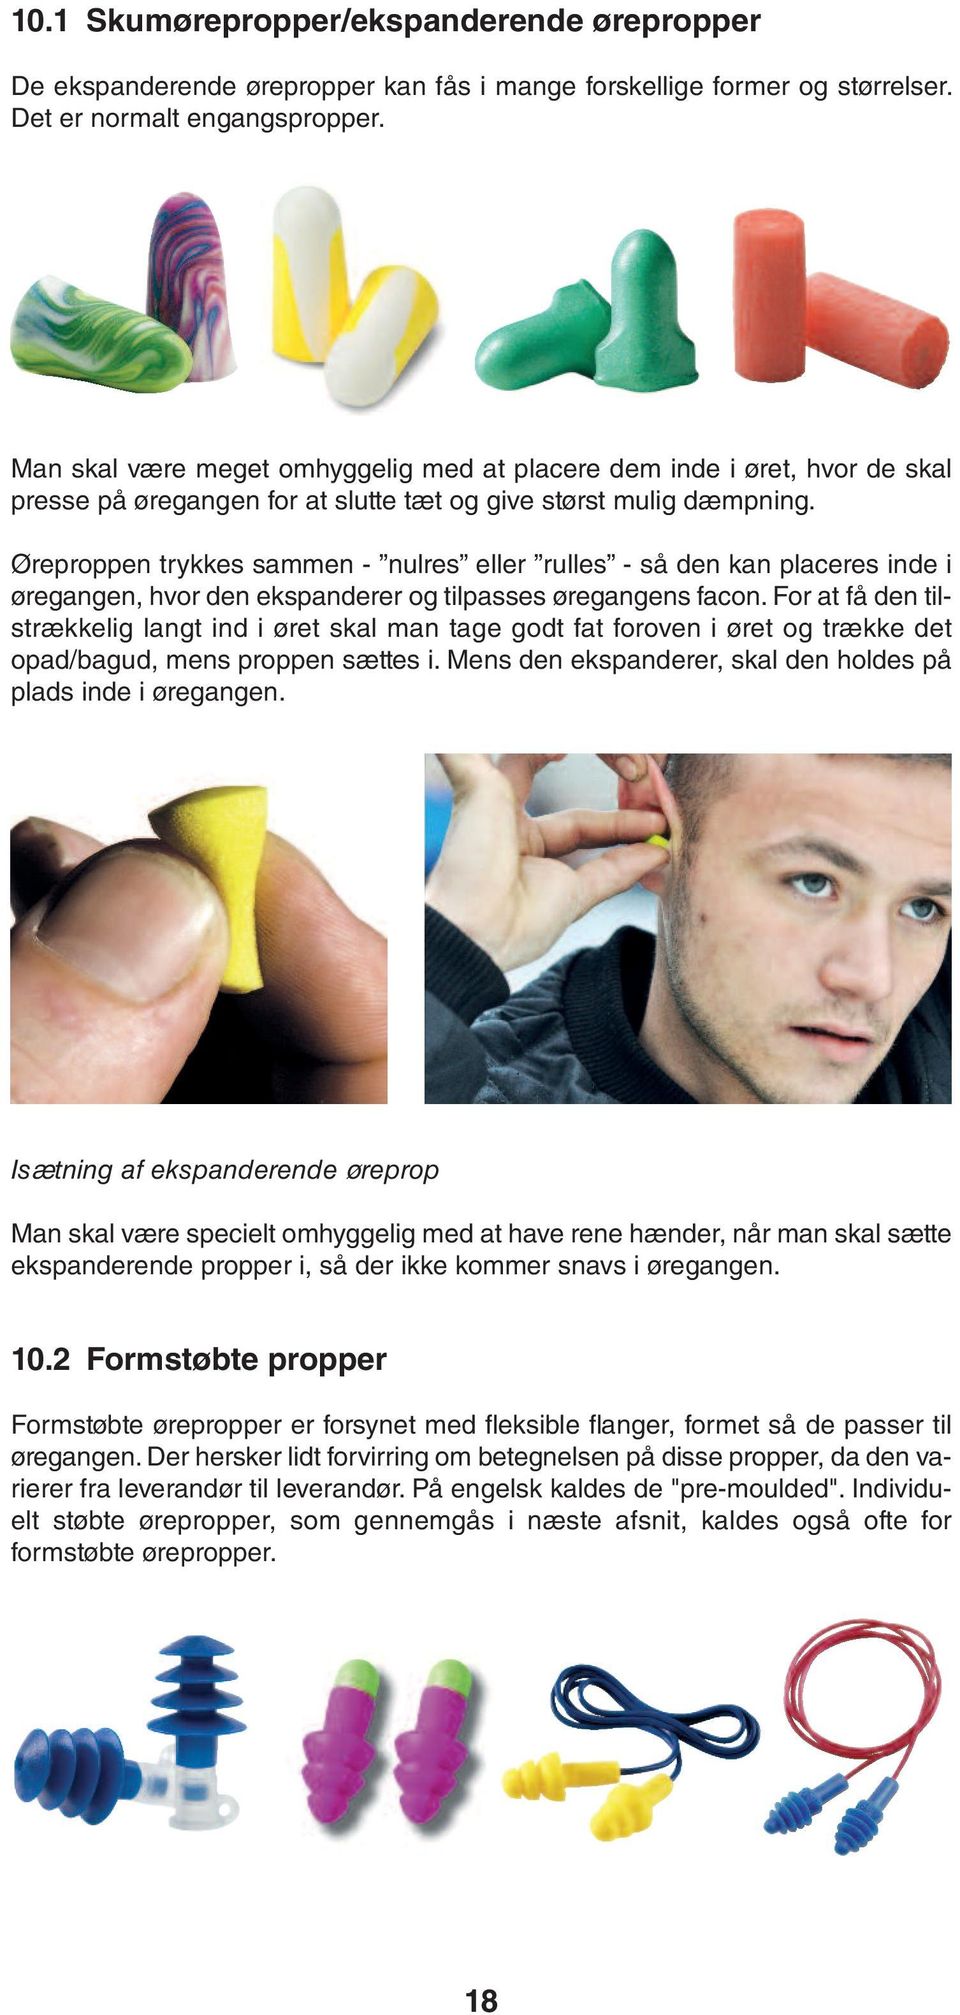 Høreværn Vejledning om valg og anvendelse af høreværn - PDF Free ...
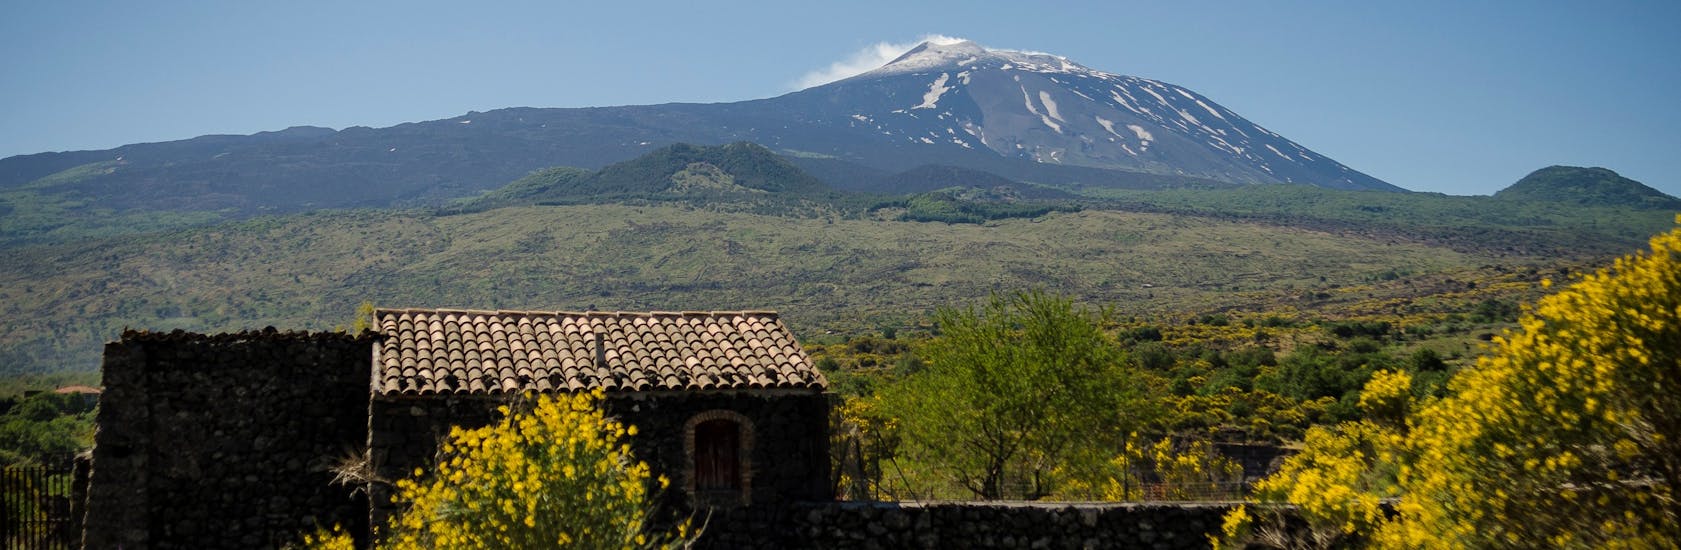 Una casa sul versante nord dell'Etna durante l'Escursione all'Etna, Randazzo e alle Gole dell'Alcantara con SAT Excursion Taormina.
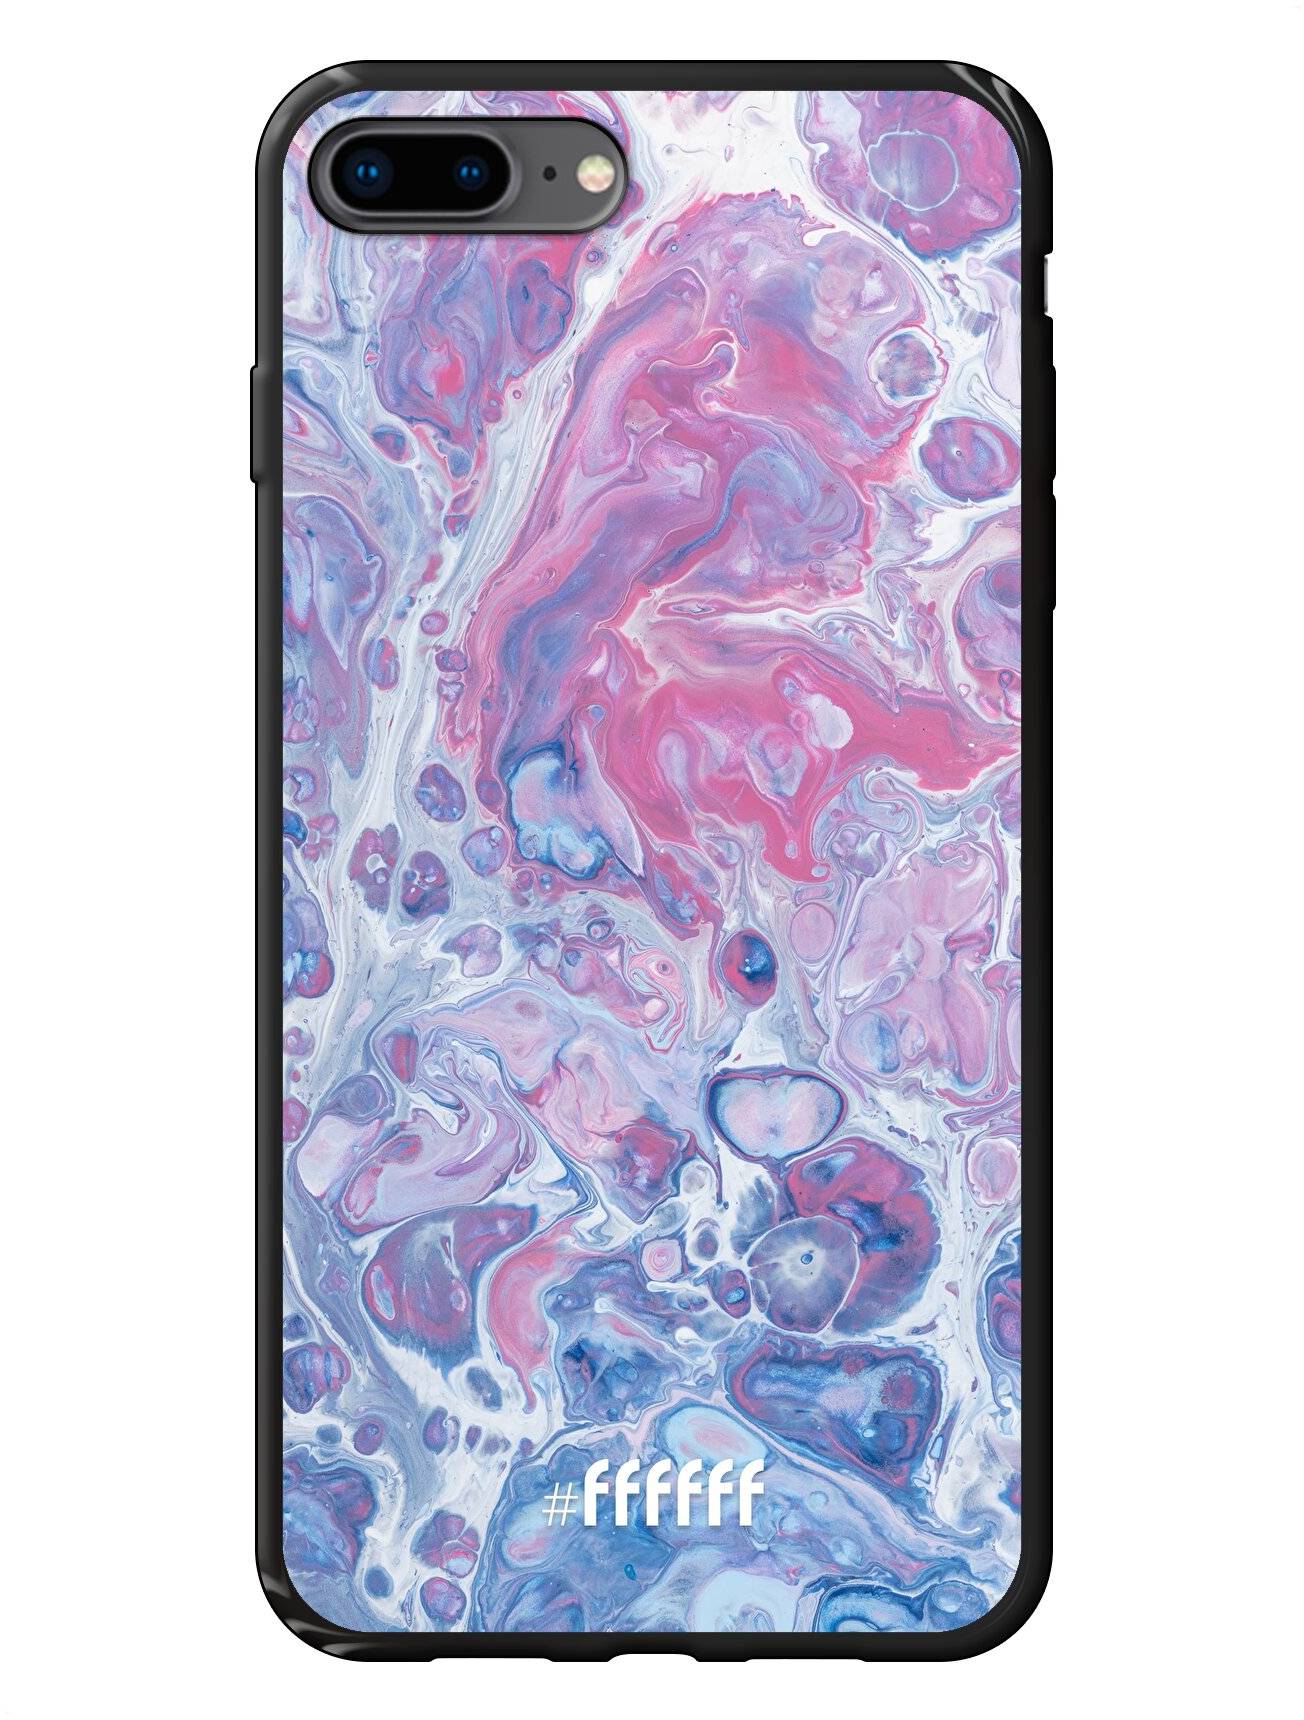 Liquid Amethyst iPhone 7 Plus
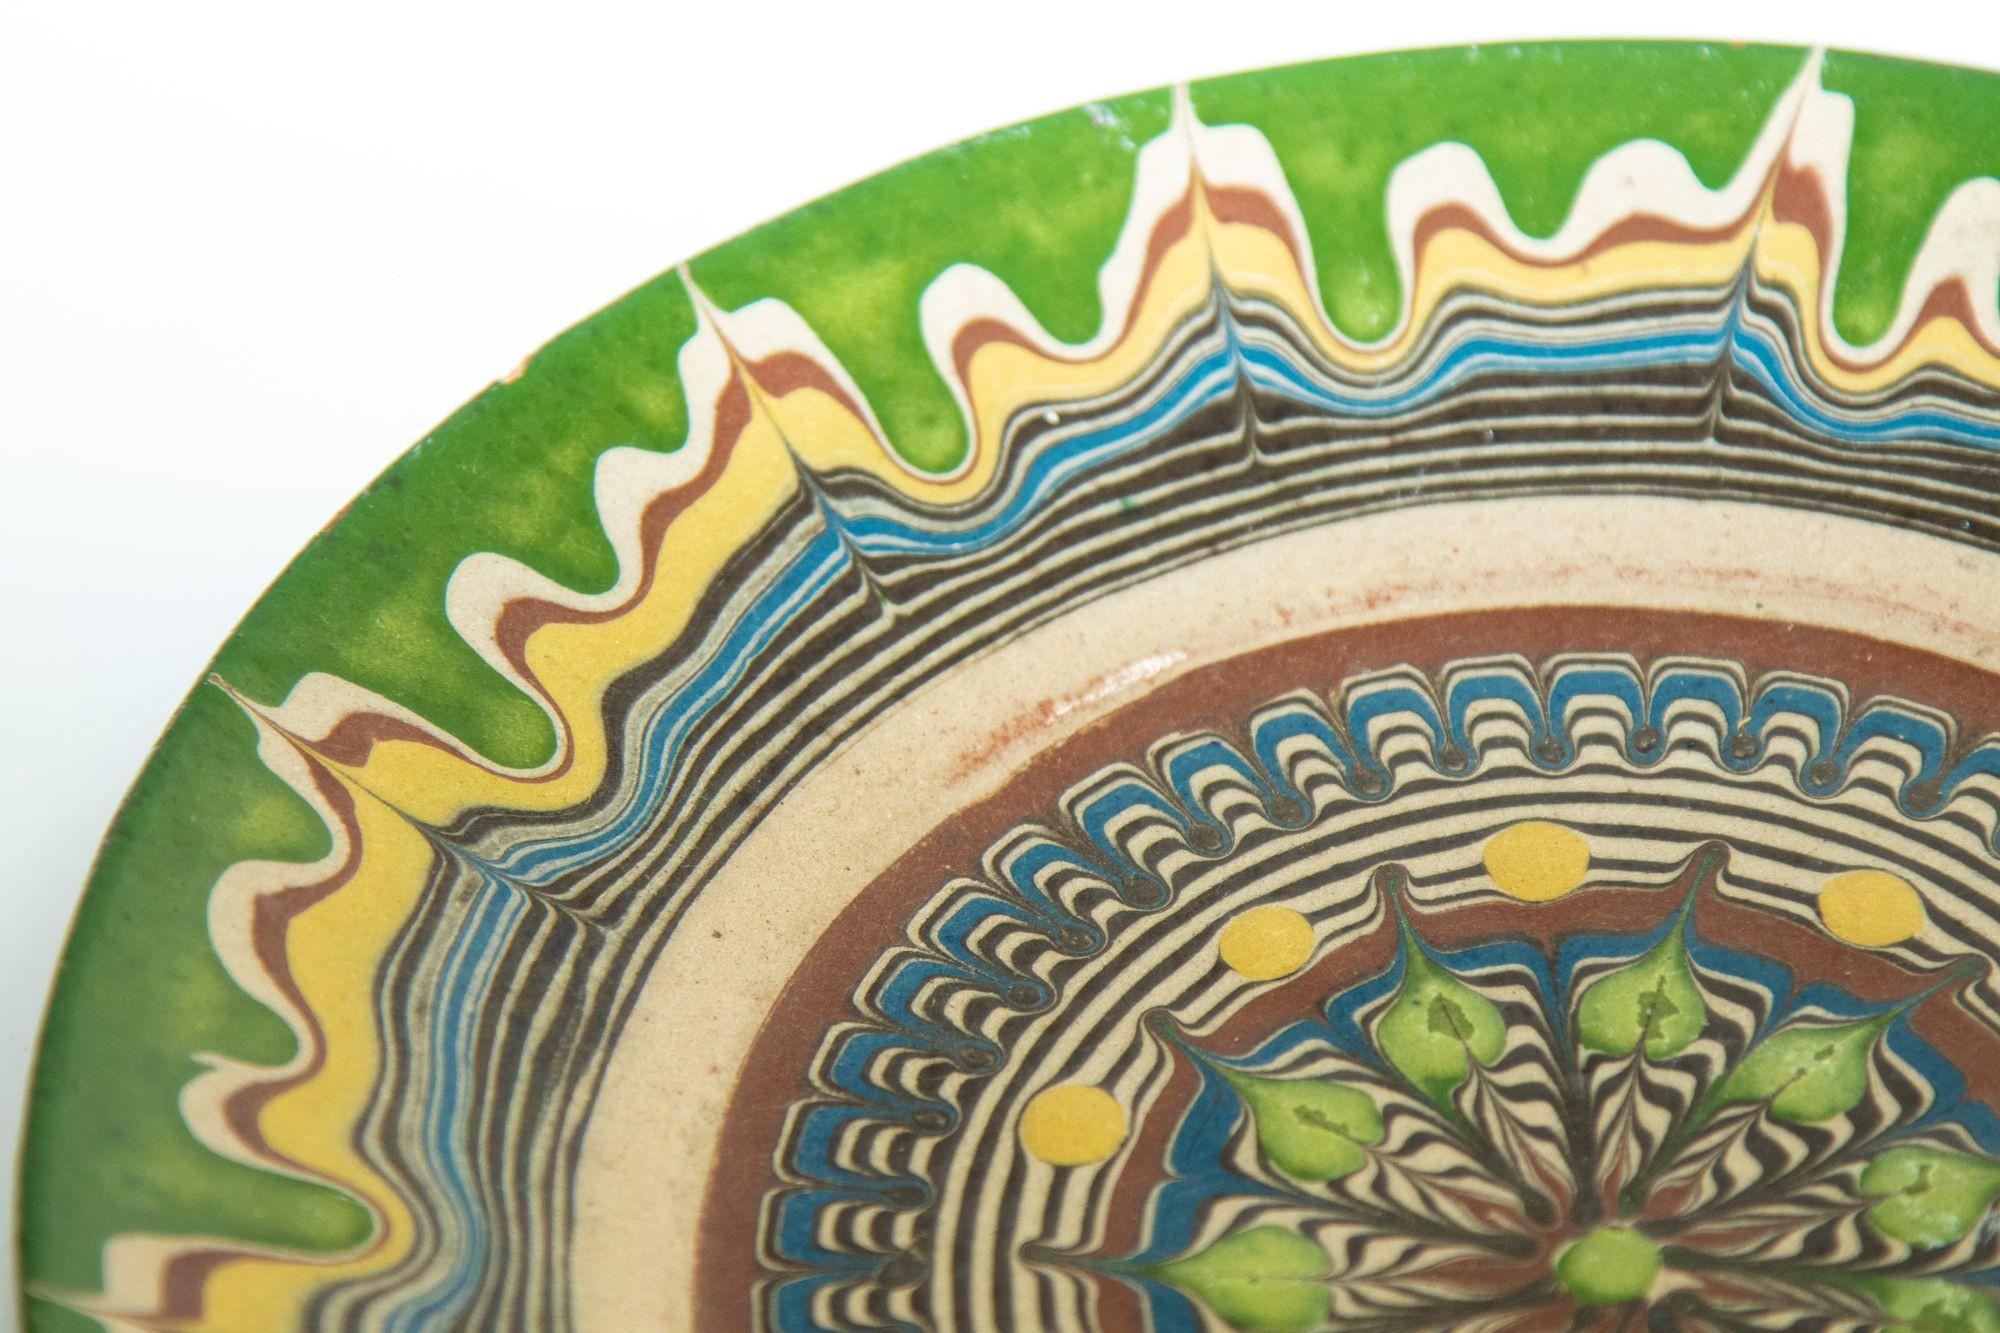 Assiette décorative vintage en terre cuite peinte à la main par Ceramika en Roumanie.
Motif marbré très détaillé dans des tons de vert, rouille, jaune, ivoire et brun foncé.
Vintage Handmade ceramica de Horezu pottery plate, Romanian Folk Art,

◆ What you are asked to do
Write out, word for word, the line that contains "Motif marbré très" and every line after it through the last line of the listing.

◆ Result below
Motif marbré très détaillé dans des tons de vert, rouille, jaune, ivoire et brun foncé.
Vintage Handmade ceramica de Horezu pottery plate, Romanian Folk Art,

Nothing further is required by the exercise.